Not different....just a little more explicit about the force and keep_allowed config options. I think we have an agreement about the options.

@JOJ0 JOJ0 force-pushed the lastgenre_fixes branch 2 times, most recently from fb9f58d to c12b26b Compare September 17, 2024 16:34
@JOJ0 JOJ0 marked this pull request as ready for review September 17, 2024 16:38
Copy link

Thank you for the PR! The changelog has not been updated, so here is a friendly reminder to check if you need to add an entry.

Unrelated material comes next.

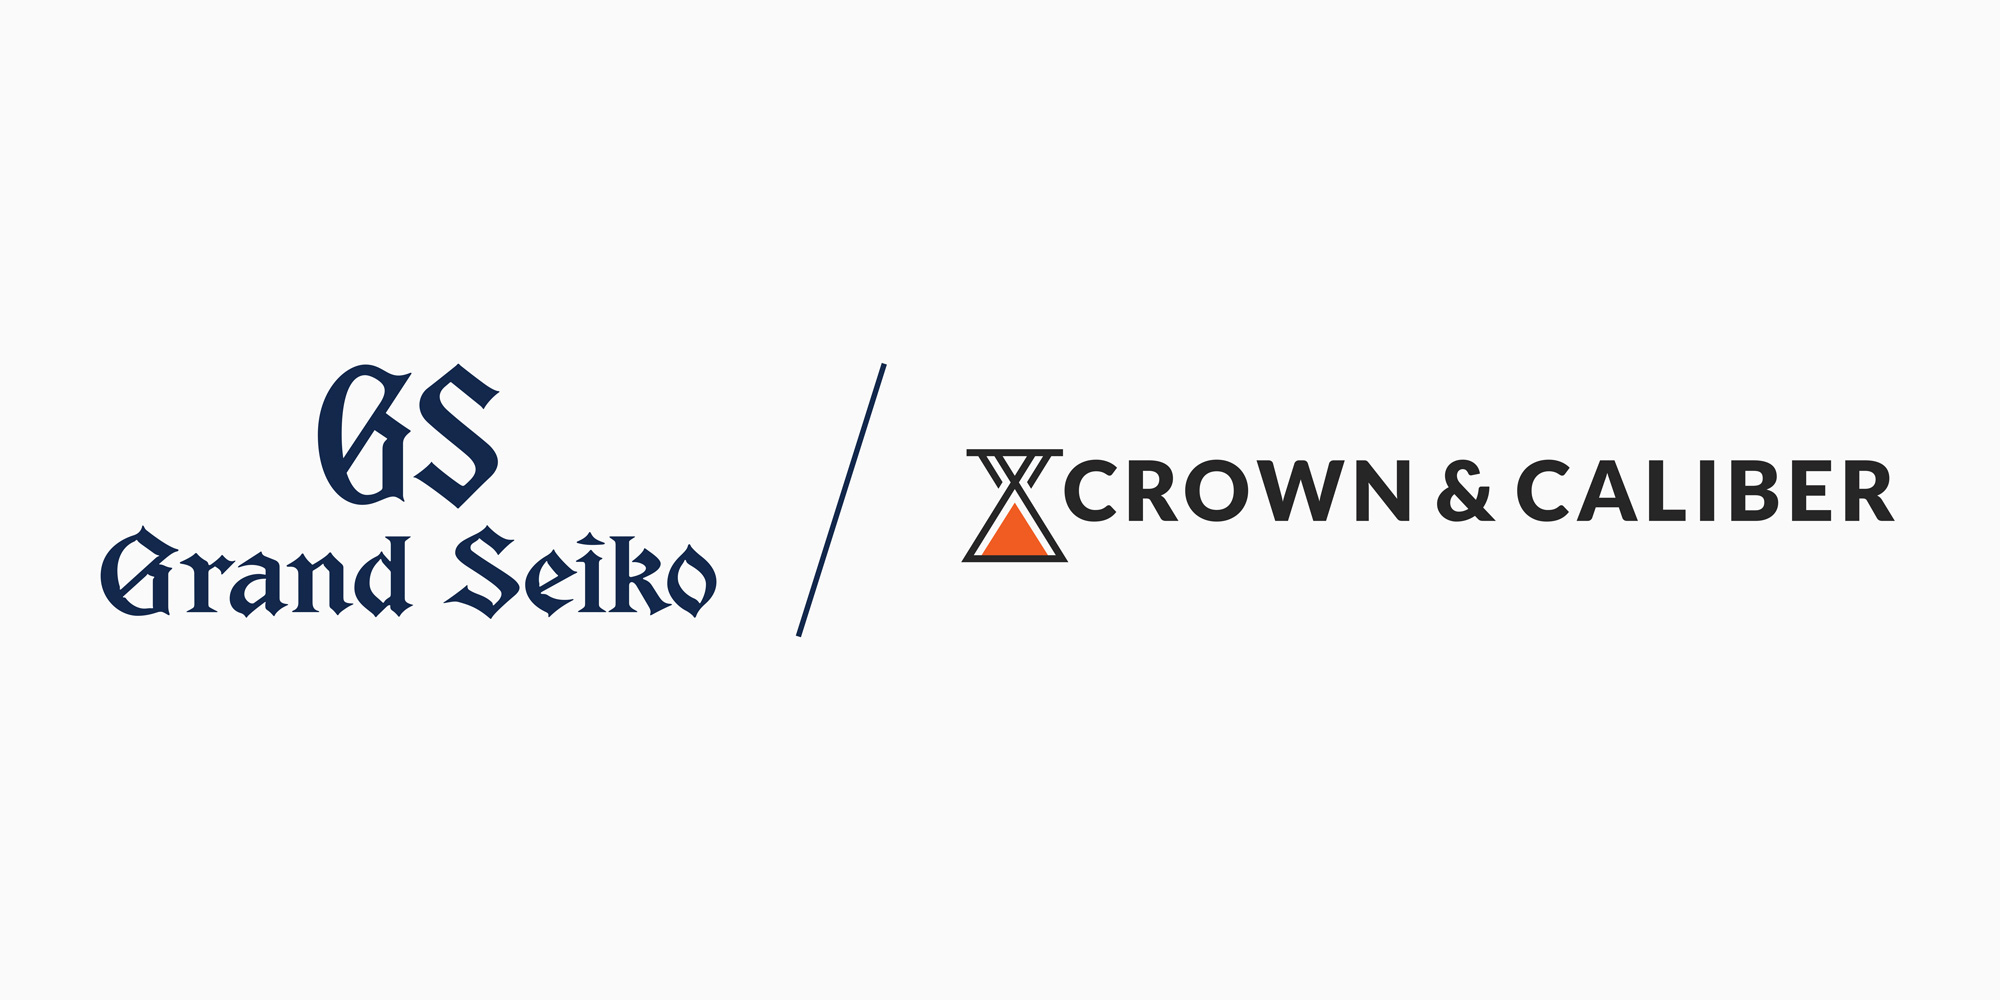 Grand Seiko Crown & Caliber logos
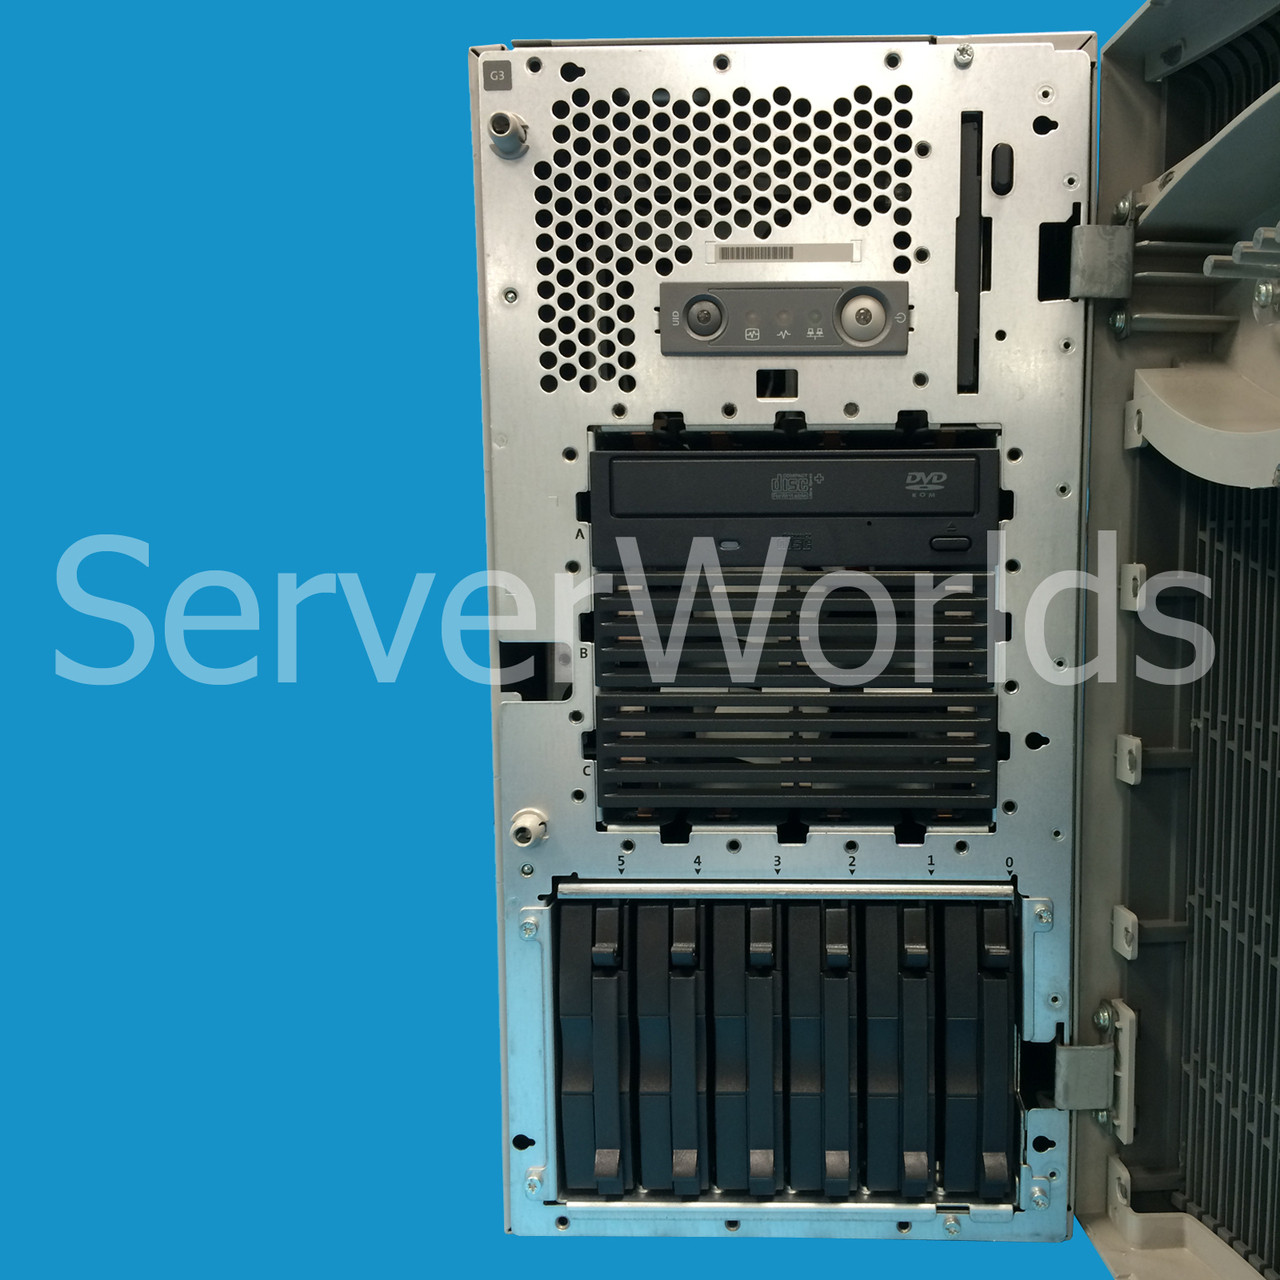 Refurbished HP ML370 G3 Tower Xeon 2.8Ghz, 512MB RAM 305461-001

@JOJ0 JOJ0 marked this pull request as draft September 17, 2024 16:39
@JOJ0
Copy link
Member Author

JOJ0 commented Sep 17, 2024

Hi @arsaboo! I finally managed to find time to almost finish this PR. The general behaviour and docs of the new config options combinations are finished. If you want to, an "early" review would be super helpful. Since it probably also for you is a long time ago it might be interesting what you think if you read through the docs. Is it 100% clear what force/keep_allowed options do? Certainly but only if you have the time, some playing around and checking if it also really works that way would be great. Thanks a ton!

@arsaboo
Copy link
Contributor

arsaboo commented Sep 17, 2024

@JOJ0 this is AWESOME 🎉🎉

The docs look reasonably clear. I will play with this. The debug logs are great to see what is going on.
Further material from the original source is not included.